**WHAT THE EXERCISE ASKS:** Keep the pictures out while you transcribe the listing below exactly.

**INFORMATION PROVIDED:**
-*-*-
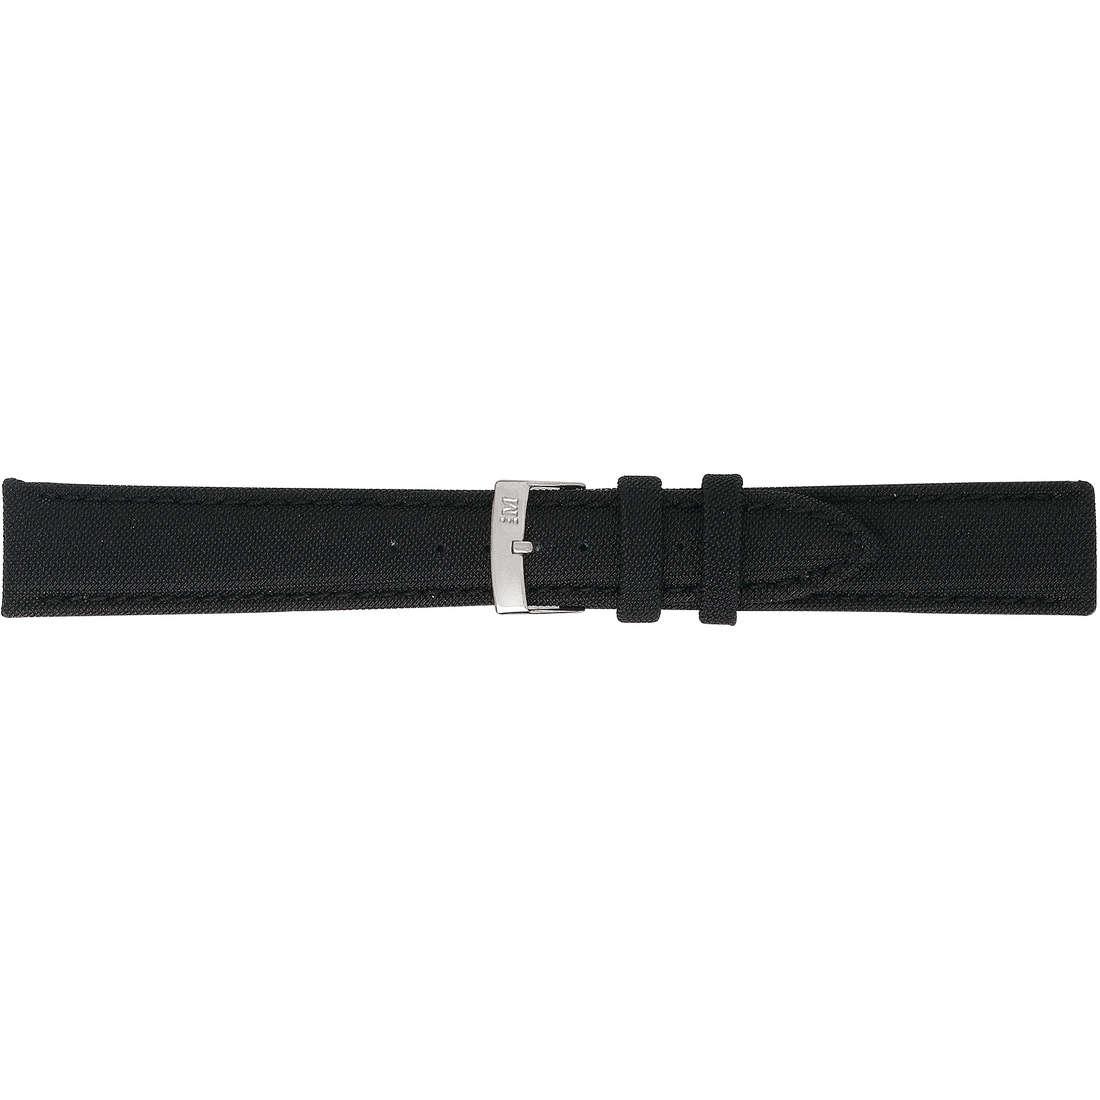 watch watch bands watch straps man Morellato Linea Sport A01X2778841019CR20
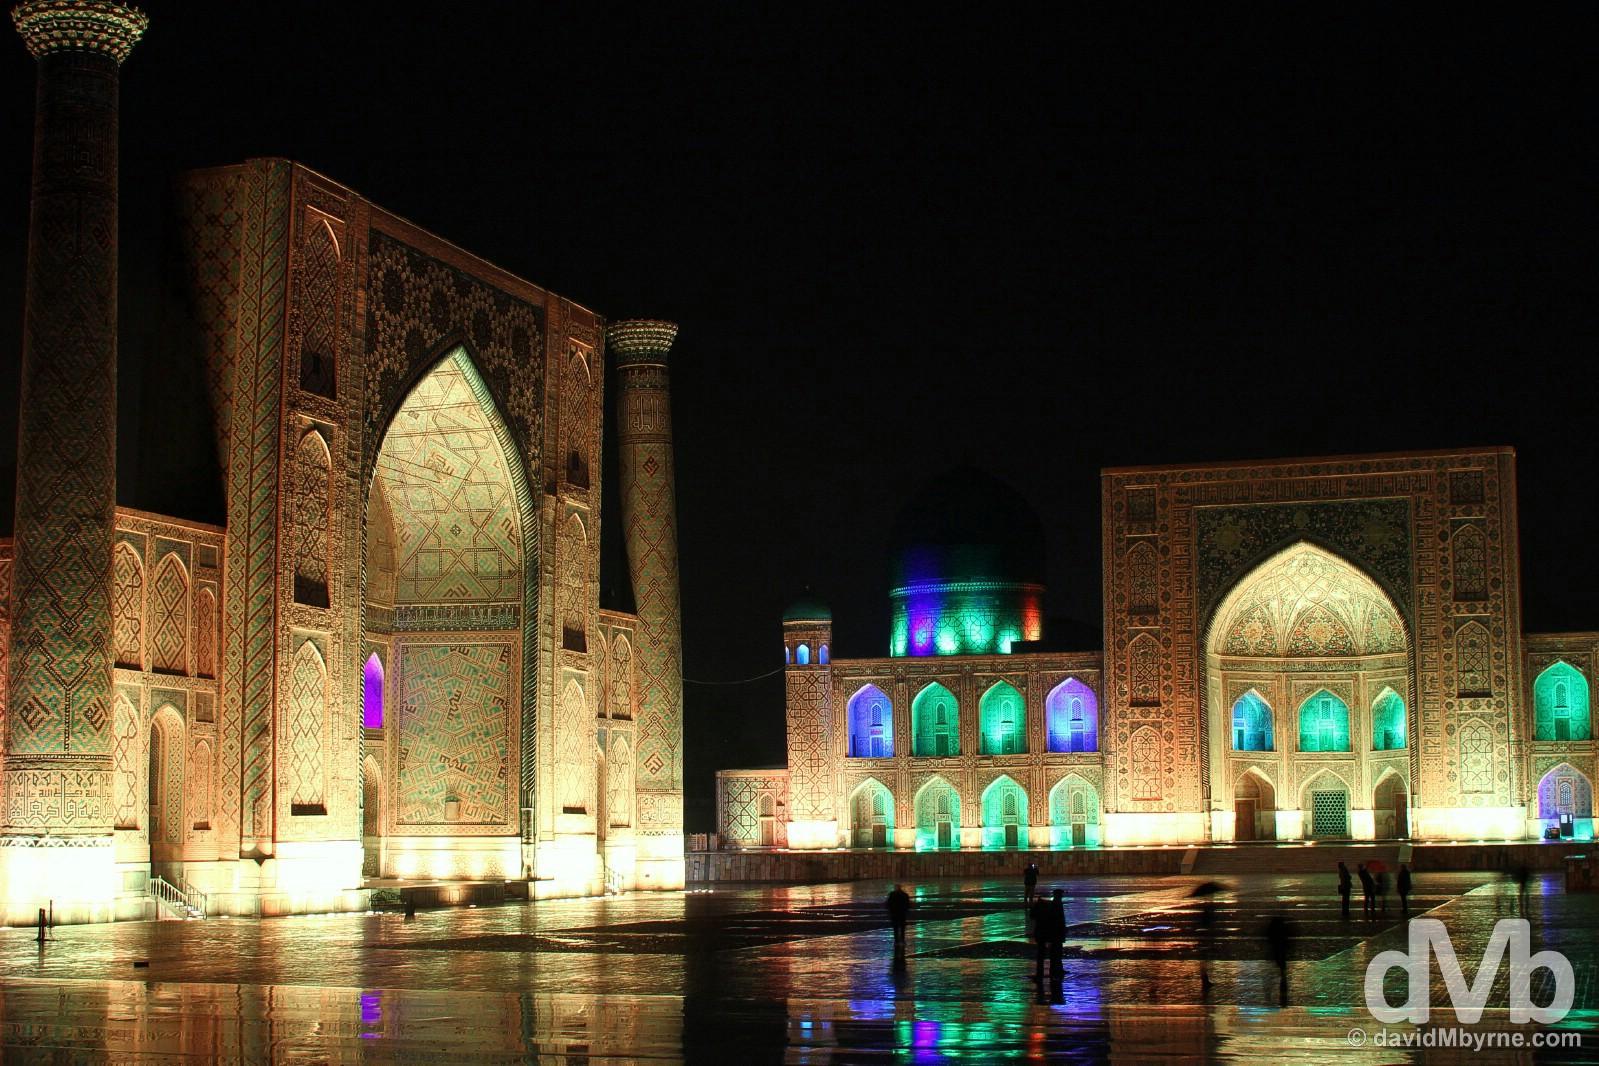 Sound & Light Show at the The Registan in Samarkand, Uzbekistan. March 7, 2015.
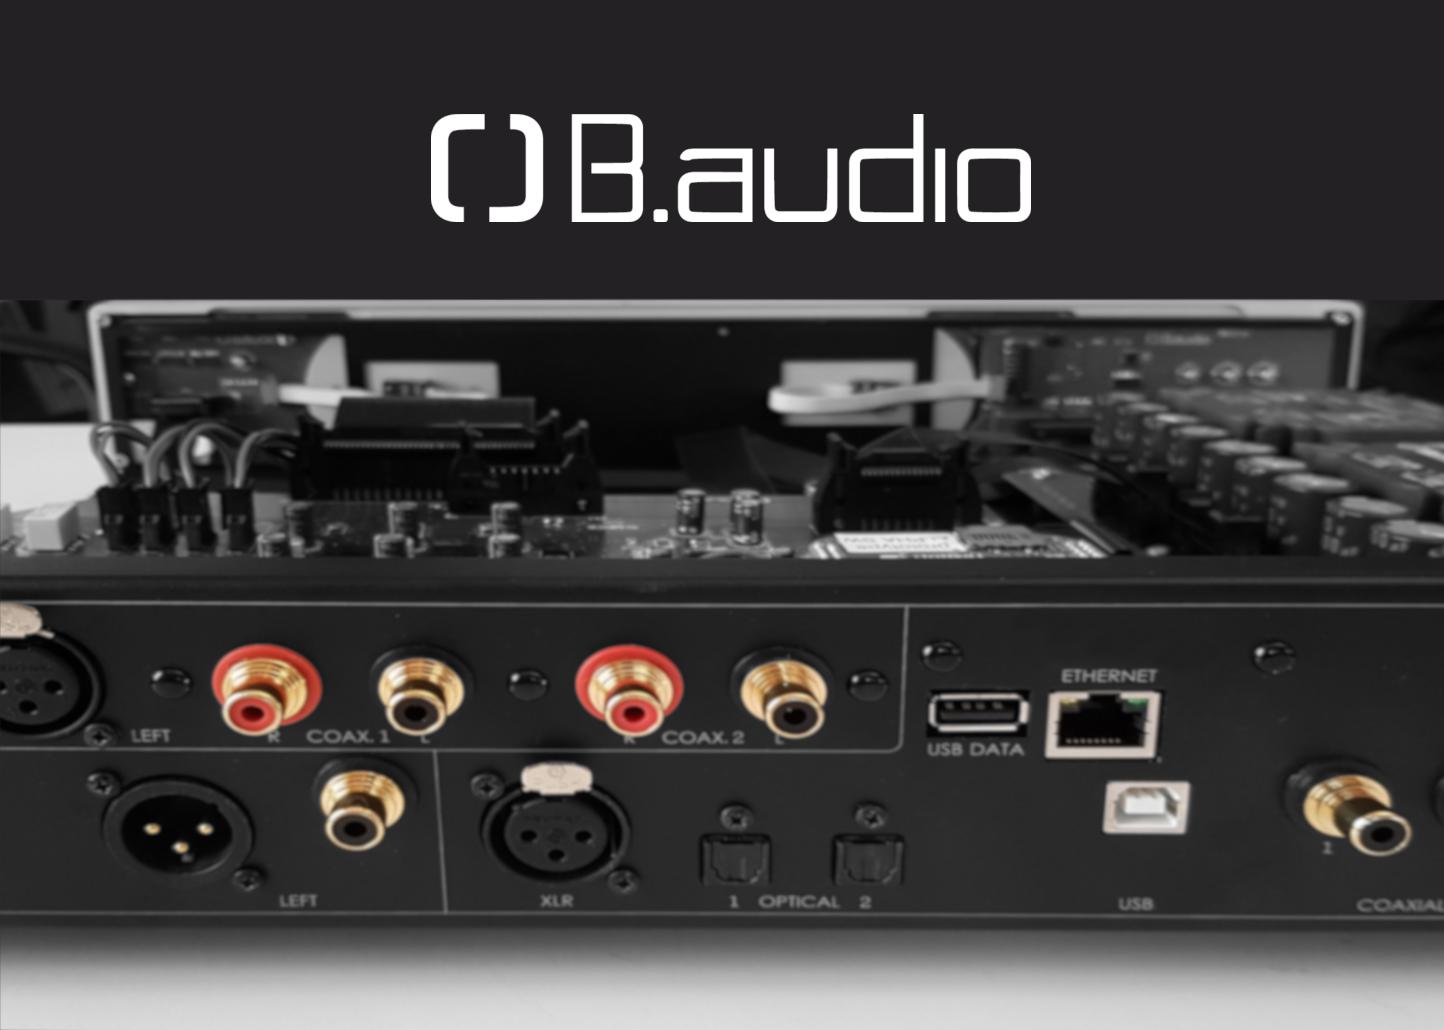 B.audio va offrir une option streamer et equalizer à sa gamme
-*-*-
**SOLUTION FOR THIS EXERCISE:**
 watch watch bands watch straps man Morellato Linea Sport A01X2778841019CR20
 Sound & Light Show at the The Registan in Samarkand, Uzbekistan. March 7, 2015.
 B.audio va offrir une option streamer et equalizer à sa gamme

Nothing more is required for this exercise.